The stages, in order:

Source — a git commit on a branch.
Build artifact — in your case a .jar. The output of mvn package / gradle build. Self-contained Java bytecode. Cannot run without a JVM.
OCI image — the .jar plus a base layer (Alpine + JDK 17) plus your company’s proprietary runtime layers, packaged into a stack of read-only filesystem layers + a manifest + a config blob. Cannot run without a container runtime.
Registry entry — the image uploaded to a registry (Artifactory, ECR, GCR), addressable by tag (myservice:2.4.1) and by digest (myservice@sha256:abc…). Cannot run by itself; it is just bytes at rest.
Host-resident image — the same bytes, now present on a specific Kubernetes node’s local disk after the kubelet asked containerd to pull them. Layers are stored deduplicated across all images on that node.
Running container — a Linux process executing inside namespaces (PID, network, mount, IPC, UTS, user) with cgroups capping its CPU and memory, viewing the image layers stacked under overlayfs as if they were one root filesystem. PID 1 inside the namespace; some four- or five-digit PID from the host’s perspective.

The version number that everyone refers to (2.4.1) lives at stage 4 as a label on the registry entry. The bytes that actually execute live at stage 6. Everything in this note is about closing the gap between those two things.

1300

2. What an OCI Image Actually Is

An “image” in 2026 follows the OCI Image Specification — the de-facto standard maintained by the Open Container Initiative since 2017, when Docker, CoreOS, and Red Hat agreed that Docker should not own the format. Every major registry (Docker Hub, ECR, GCR, Artifactory) speaks OCI. Podman, containerd, and CRI-O all consume OCI images. Your docker build produces an OCI image whether you set out to or not.

An OCI image is three things, not one:

An ordered list of layer tarballs. Each layer is a gzip-compressed tar of the filesystem changes contributed by one step in the build. Each layer has a content-addressed identity: sha256(<the tar bytes>).
A config blob. A small JSON document describing the entrypoint, the working directory, the environment variables, the user, the exposed ports, the build history. Has its own sha256.
A manifest. A small JSON document that lists the config blob’s digest and the ordered list of layer digests. The manifest’s sha256 is the image’s digest — the sha256:abc… you see in docker pull output.

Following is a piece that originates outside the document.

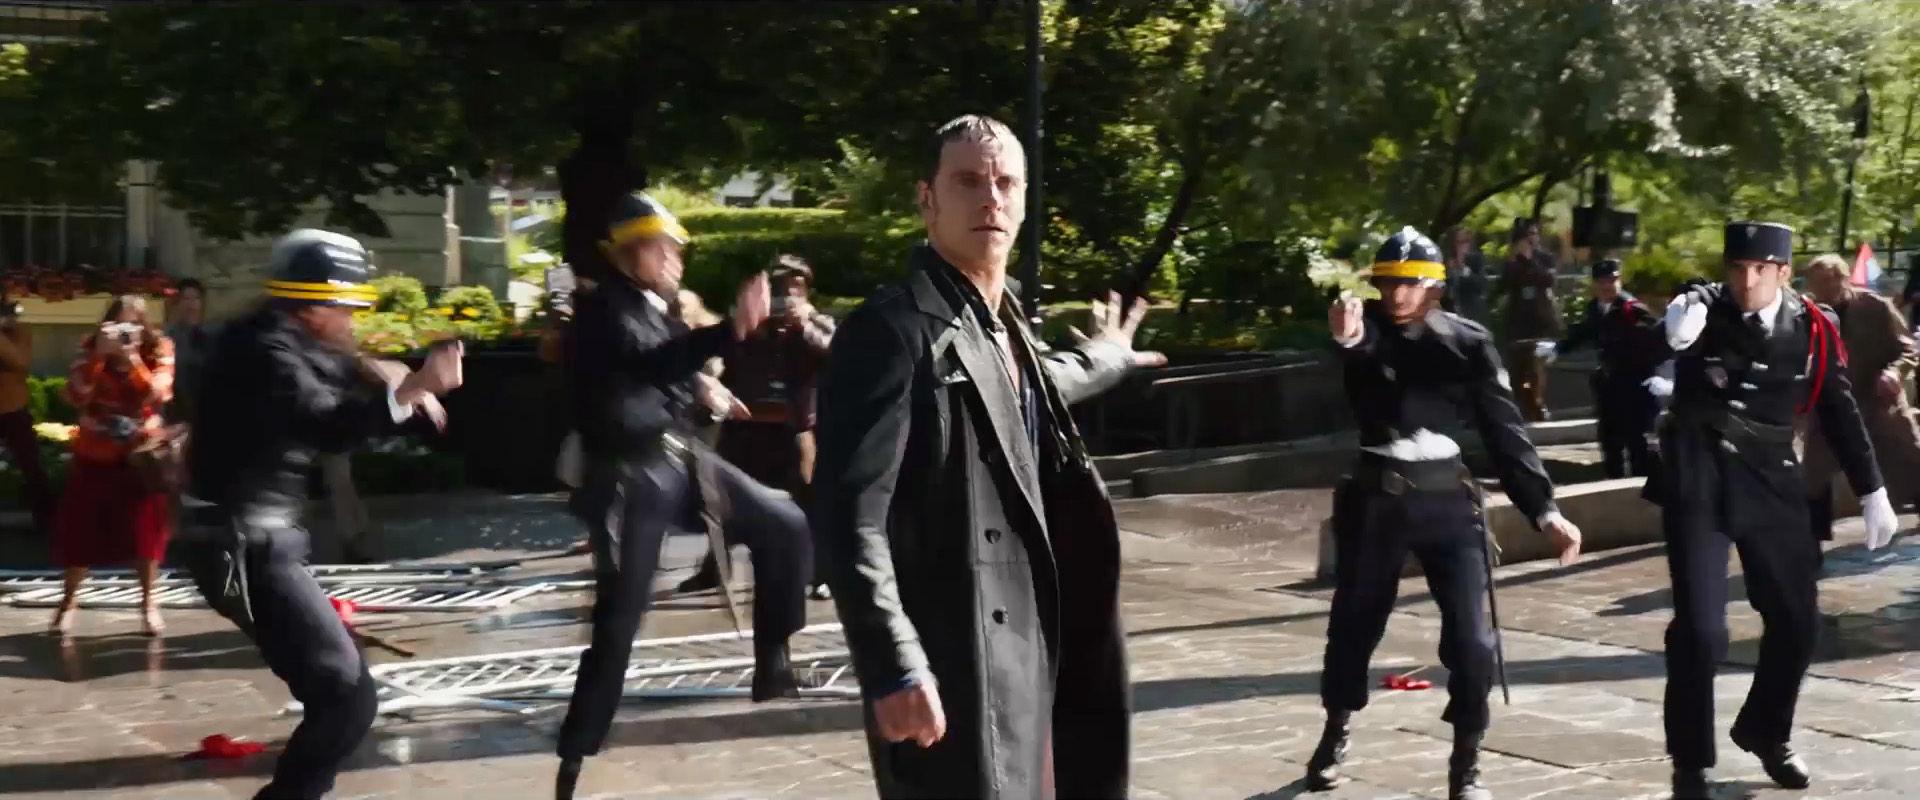 Melhores Vilões Magneto Dias de Um Futuro Esquecido

Each line in your Dockerfile that touches the filesystem produces one layer. Lines that only set metadata (ENV, WORKDIR, USER, LABEL) update the config blob without producing a layer. So a Dockerfile like:

FROM alpine:3.19                              # 1 base layer (~7 MB)
RUN apk add --no-cache openjdk17-jre          # 1 layer (~85 MB)
RUN adduser -D -u 1000 svc                    # 1 layer (~1 KB)
WORKDIR /app                                  # config only, no layer
COPY target/myservice.jar /app/myservice.jar  # 1 layer (~12 MB)
USER svc                                      # config only
ENTRYPOINT ["java","-jar","/app/myservice.jar"]  # config only

produces 4 layers — the base plus 3 RUN/COPY layers — and one config blob. Total image size is the sum of layer sizes (plus a kilobyte of manifest/config). Layer ordering matters: putting COPY myservice.jar before RUN apk add openjdk would invalidate the JDK layer every build, defeating layer caching. This is why production Dockerfiles place the least-frequently-changing lines first.

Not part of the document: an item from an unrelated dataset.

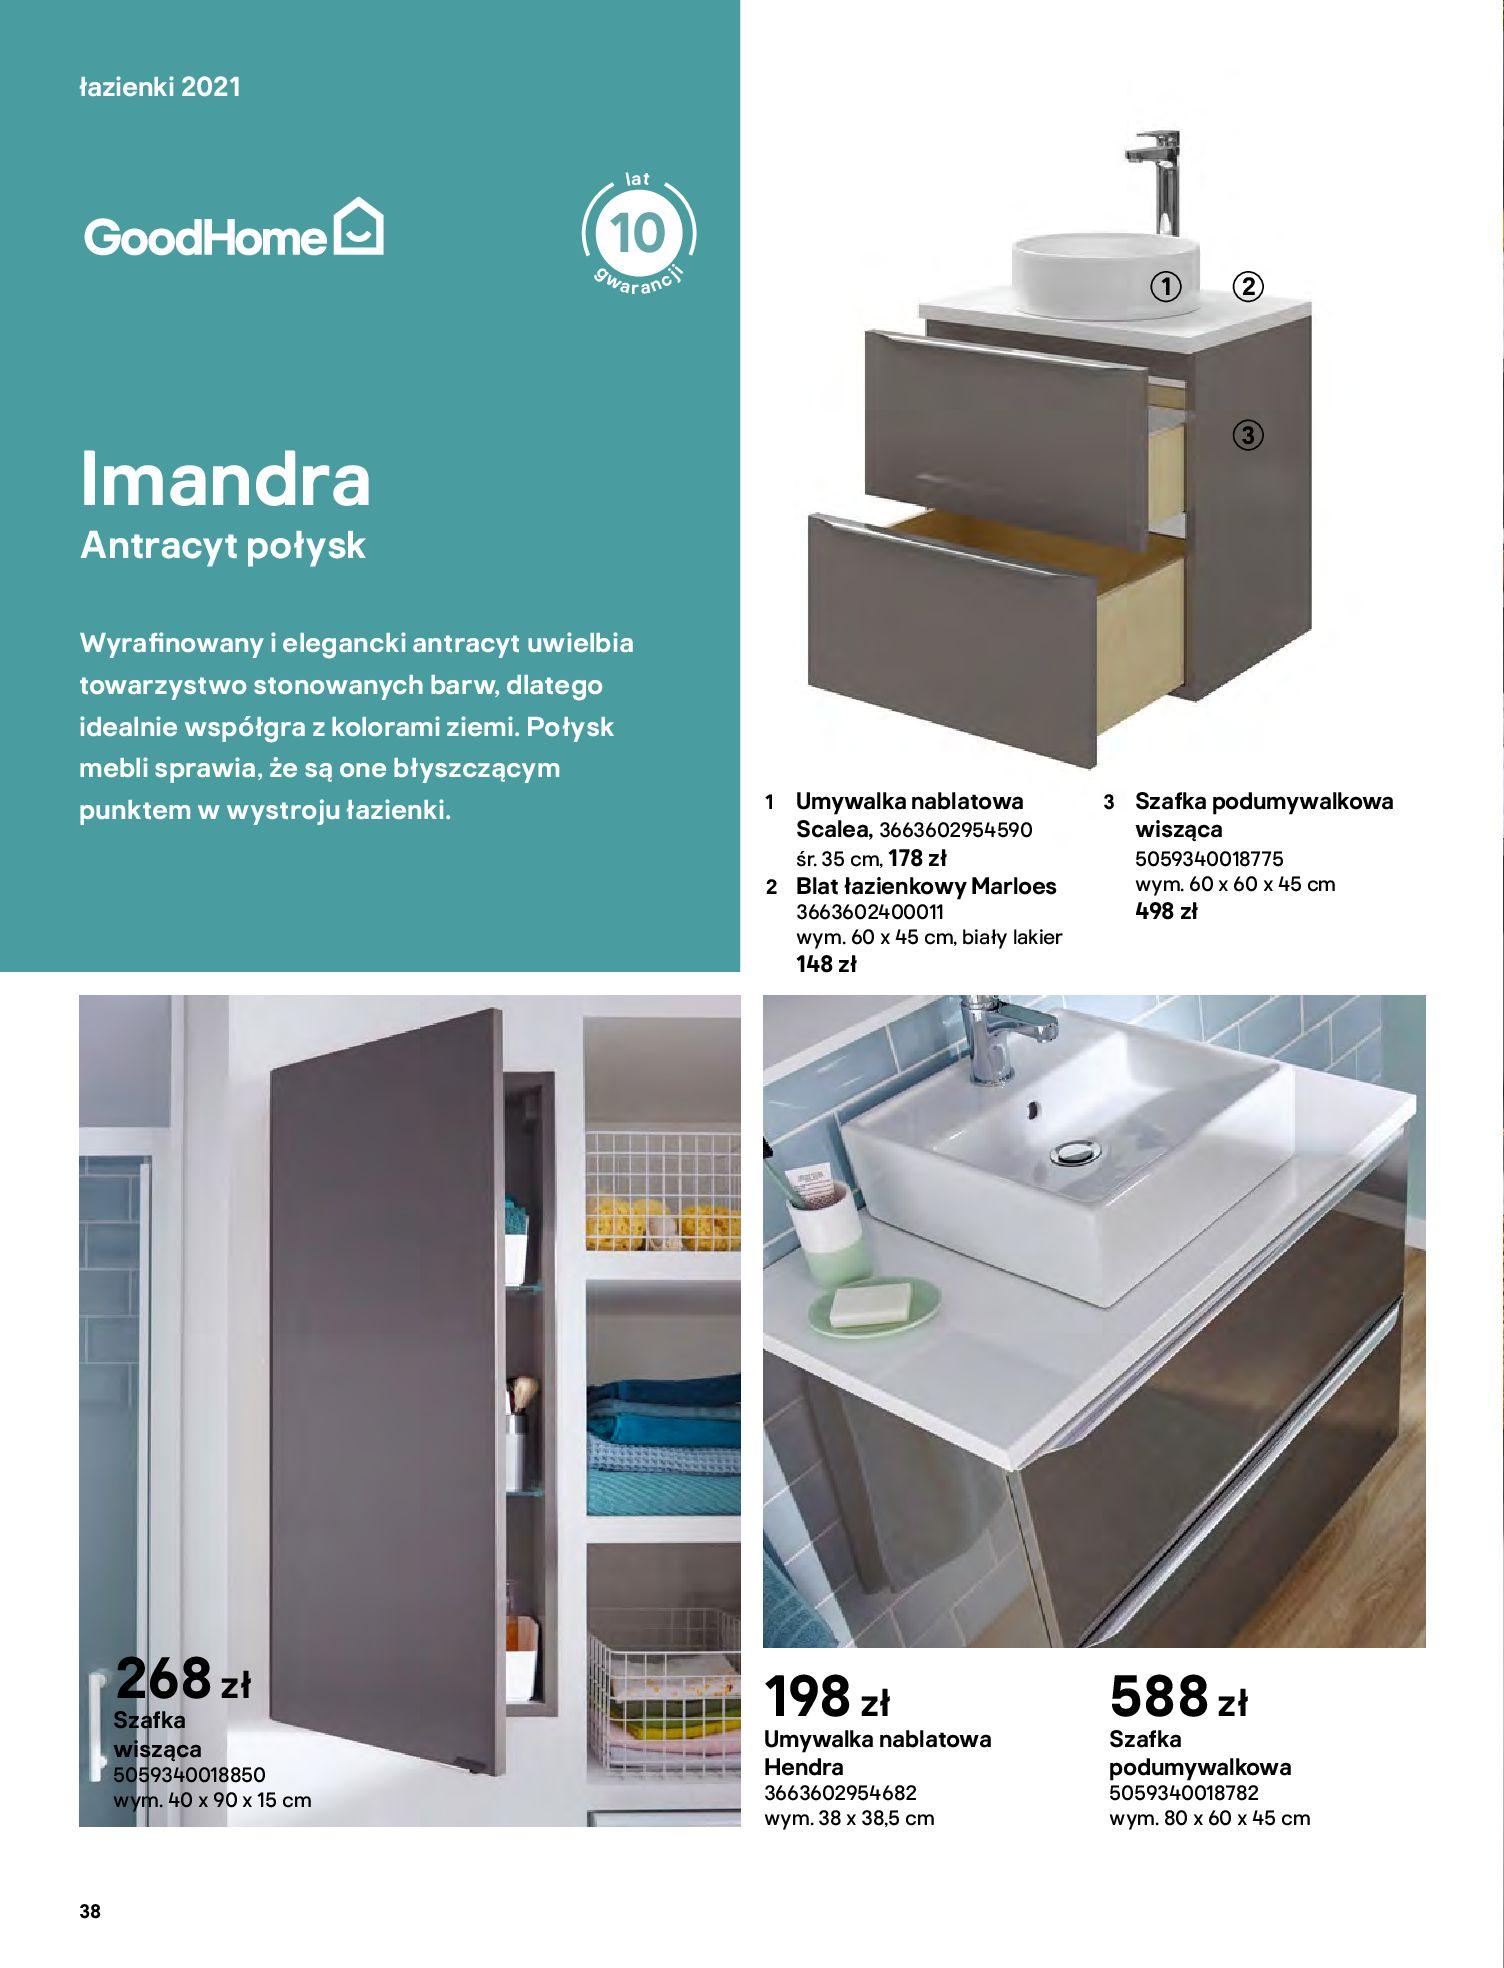 Gazetka Castorama: Gazetka Castorama - katalog łazienki 2021 2021-06-16 page-38

A real production image at your company is taller than this — typically: distro base, JDK, proprietary runtime, observability agent, application JAR — but the structure is identical. Five to eight layers, totaling 200-400 MB, of which only the top 1-2 layers change per build.

1300

3. Tags Lie. Digests Don’t.

This is the single most important section of the note. The 2am story in the opener is this section.

There are two ways to refer to an image in a registry:

By tag — myservice:2.4.1. A tag is a mutable pointer. The registry stores a mapping (repository, tag) → manifest digest. Anyone with push access can re-point the tag to a different manifest at any time. The registry will accept it; no audit log line is mandatory. The bytes the tag previously pointed to remain in the blob store (until garbage collection runs), but nothing connects them to the tag anymore.
By digest — myservice@sha256:abc123…. A digest is an immutable reference. It is the sha256 of the manifest. The manifest in turn pins the config blob’s digest and every layer’s digest by sha256. So the same digest is guaranteed — by cryptographic preimage resistance, not by convention — to refer to the same bytes forever. Re-push the same tag with different content? You get a new digest. The old digest still resolves to the old bytes.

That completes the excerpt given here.